Some agents will require combination with NAs, especially CpAMs, NAPs, and most immune modulatory agents, in contrast to RNAi. This is likely to be related to whether the antiviral effect of the individual agent leads to silencing of cccDNA transcriptional activity, which is the case for RNAi via post-transcriptional knockdown of HBV transcripts. Theoretically, sequential combinational therapy will result in rapid decline in HBsAg (by virus-directing agents) which is beneficial for subsequent immune stimulation therapy [91]. In transgenic mice models, GaINac-conjugated siRNA followed by therapeutic vaccine showed significantly stronger immune stimulatory effect in terms of development of polyfunctional, HBV-specific CD8+ T cells compared to mice given control RNAs with NA, and therapeutic vaccine [90]. Although many RNAi-based combination therapies are still tested in clinical trials in combination with NAs, it remains to be unveiled whether the viral suppressive effects of NA can be substituted by other virus-directing agents.
5. Conclusions
The currently preferred treatment endpoint for CHB is functional cure. Novel agents work on different steps of viral replication or the host’s immune system, in order to reduce viral burden, inhibit viral replication, and restore host immunity. The therapeutic effects of both virus-directed and host-immunity-directed agents are intercalated and are equally crucial for achieving a functional cure. Most agents currently in clinical phases of development demonstrated favorable results in suppression of viral proteins and genomic materials, with initially promising results of enhancing the functional cure of CHB. With an increasing number of novel agents entering clinical phases of development, it is expected that each agent should demonstrate favorable safety data, and long-term follow-up data in the subjects that participated in these trials will be an important consideration.

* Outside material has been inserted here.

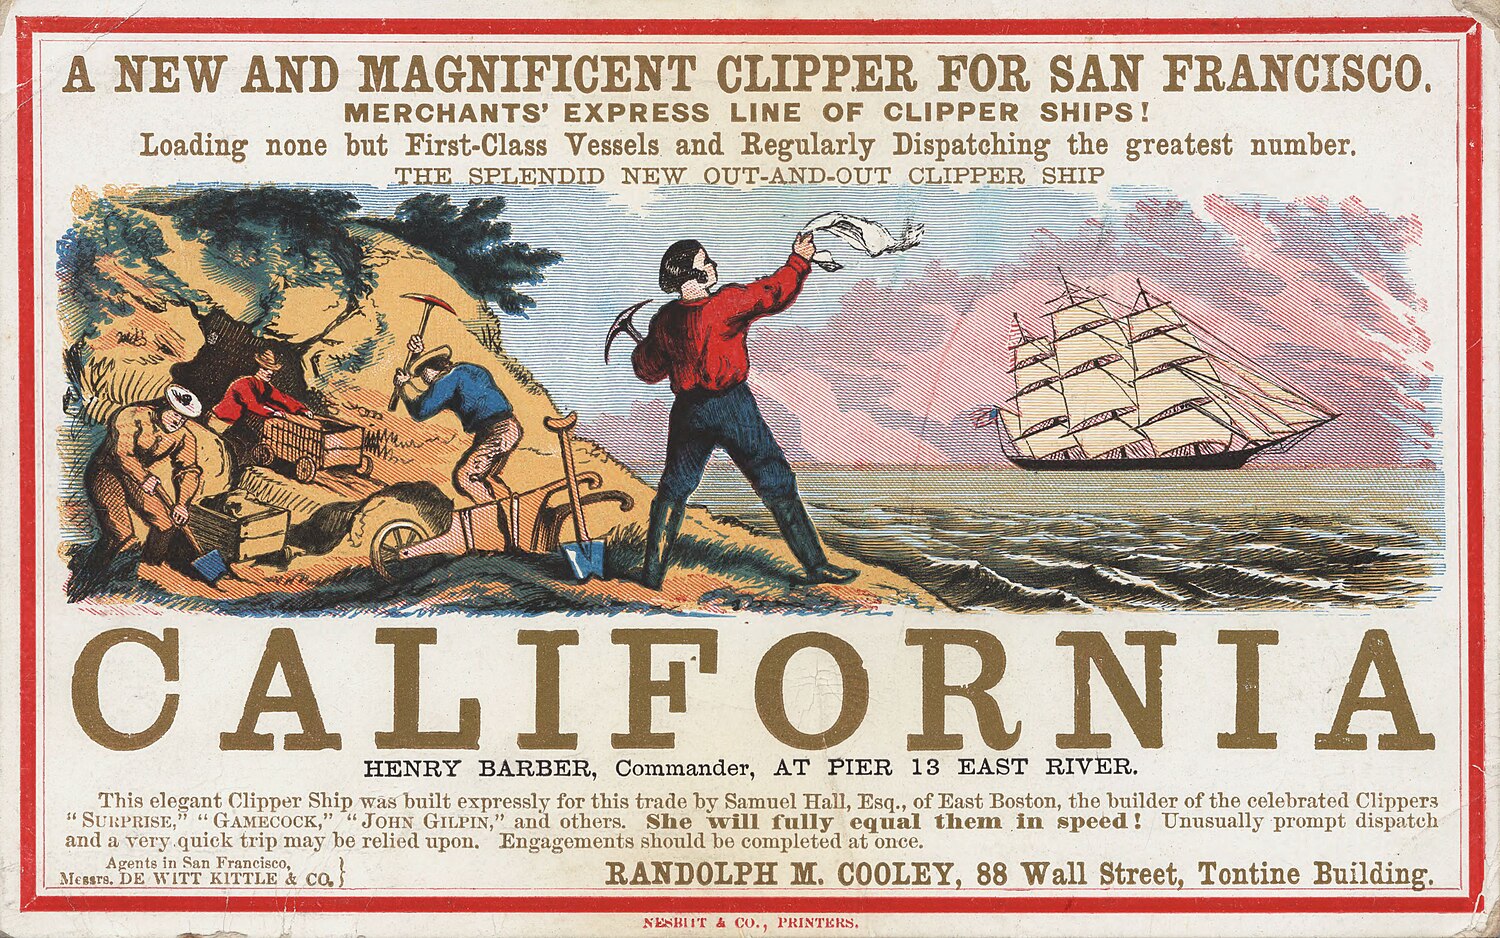 https://upload.wikimedia.org/wikipedia/commons/thumb/0/0d/California_Clipper_500.jpg/1500px-California_Clipper_500.jpg

Most trials aimed to achieve broad eligibility by recruiting CHB patients with variable duration of infection and viral activity. However, it is likely that specific subgroups of patients will benefit most from selected agents so that a finite duration of therapy (partial cure or functional cure if HBsAg seroclearance can be achieved) instead of lifelong NA treatment can become feasible. For all trials mentioned, no cirrhotic patients were included and this will need to be addressed when more safety data are available. Combination therapy with two or more novel agents theoretically leads to synergistic therapeutic effects. NA and/or PEG-IFN are still the backbone of these combination regimens. The best cocktail of therapies is being sought, and different regimens are likely to be needed for different patient populations with various viral factors (e.g., HBsAg levels, previous treatment exposure), and host factors (e.g., HLA allele, gender).